I finished finals on Wednesday morning. I spent the next few days saying goodbyes. Thursday evening my family arrived, Friday was packing day, and Friday night was Nursing Pinning.

Saturday I woke up after a fitful night of a few hours of sleep to a pounding head, a sore throat, and sinuses that decided to drip constantly. But on with the cap and gown, into the rainy morning, Baccalaureate, Walk around the Quad, and Graduation. Got the fake diploma, ate some pizza with friends and family, packed the cars, and bought some Afrin to clear out my sinuses so I could breath and sleep.

Sunday morning comes, and it was time to say goodbye to the family. Time to say goodbye to the nephews. Time to say goodbye to Redeemer. Time to say goodbye to Kansas City, and to the home of seven years.

I got hit by a deer just over the Colorado border. Welcome home Sarah!

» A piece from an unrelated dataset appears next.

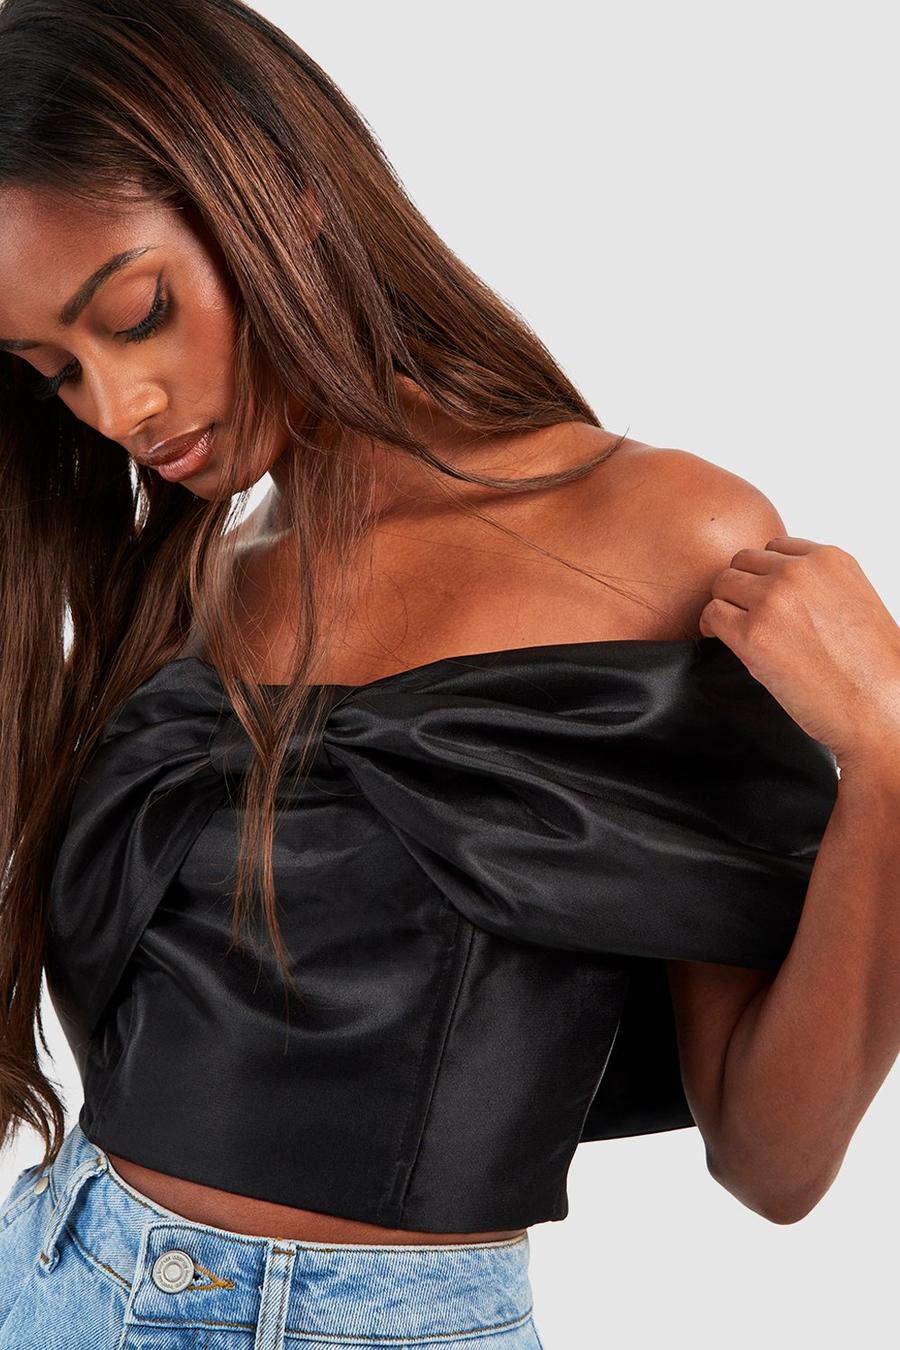 Corset Tops Are Set to Be the Silhouette of Summer

We unloaded the car, I fell into bed, and the doctor gave me some steroids to decrease the inflammation in my throat, ears, sinuses, nose, and lungs this morning. Booyah!

And now...to studying! Study, test, review, test again. Move on and repeat. It's almost over.

In the meantime I will cling to this photo, perfectly encapsulating the joy that I felt at the end of this weekend.

It was hard to leave Kansas City, and it was so good to come home. It was hard to say goodbye to Micah and Tyler and Jeremy and Ashley, the remainder of the Kansas City Parsons, and it was so good to walk into the house to be greeted by my dad and sister. It is so hard to know that the last step has finished, yet the anticipation of the next step is beginning to build, quietly and surely. But in this moment, in these moments, I hope I will continue to stop and thank the Lord for his mercy, for His kindness in lavishing such a loving community around me. For granting me a supportive family, ever-present friends, and a future that does not scare me.

May we continue on.

May 1, 2010

On August 27 I said goodbye to Haiti. This was my last view of the most beloved place that morning.
I remember the rise of pain in my chest as I sat on the electrical box with some of the security guards and interpreters, watching the truck come to pick me up. I remember the relief when it was Billy and Costa in the truck, as they would be the perfect people to escort me into the city. I remember looking at the team, laughing away at their breakfast table. It just didn't seem right. They just didn't get it. How could they not look at this sunrise and have their heart break? And why weren't they broken? Why was I the only one who seemed to feel such an incredible weight of despair?

I left pained, but not so much with leaving as with returning. I carried home a heaviness that will never go away completely. I carried home a broken heart. And the Lord, in His way, rebuilt me. He put me back together, scarred but stronger.

It wasn't so much about poverty. Poverty definitely was the catalyst, but it wasn't the reason I returned ripped apart. It was because my world was shattered, and everything that made sense about my life didn't really fit anymore. It was because who I was before looked different from the person returning. And the Lord wasn't going to let me go back to that life - because who I was on the other side was more of who He wanted to see.

Today I began to anticipate my return. I feel like the Lord has been so good in reminding me to "be here" while I am here, and be there when I get there. But for a few minutes today I remembered the smell and the feeling of falling asleep in the hot air and the refreshment of waking up with the sun cresting those mountains, once again reminded of how this life I live has nothing to do with me.

He makes, and is making, all things new.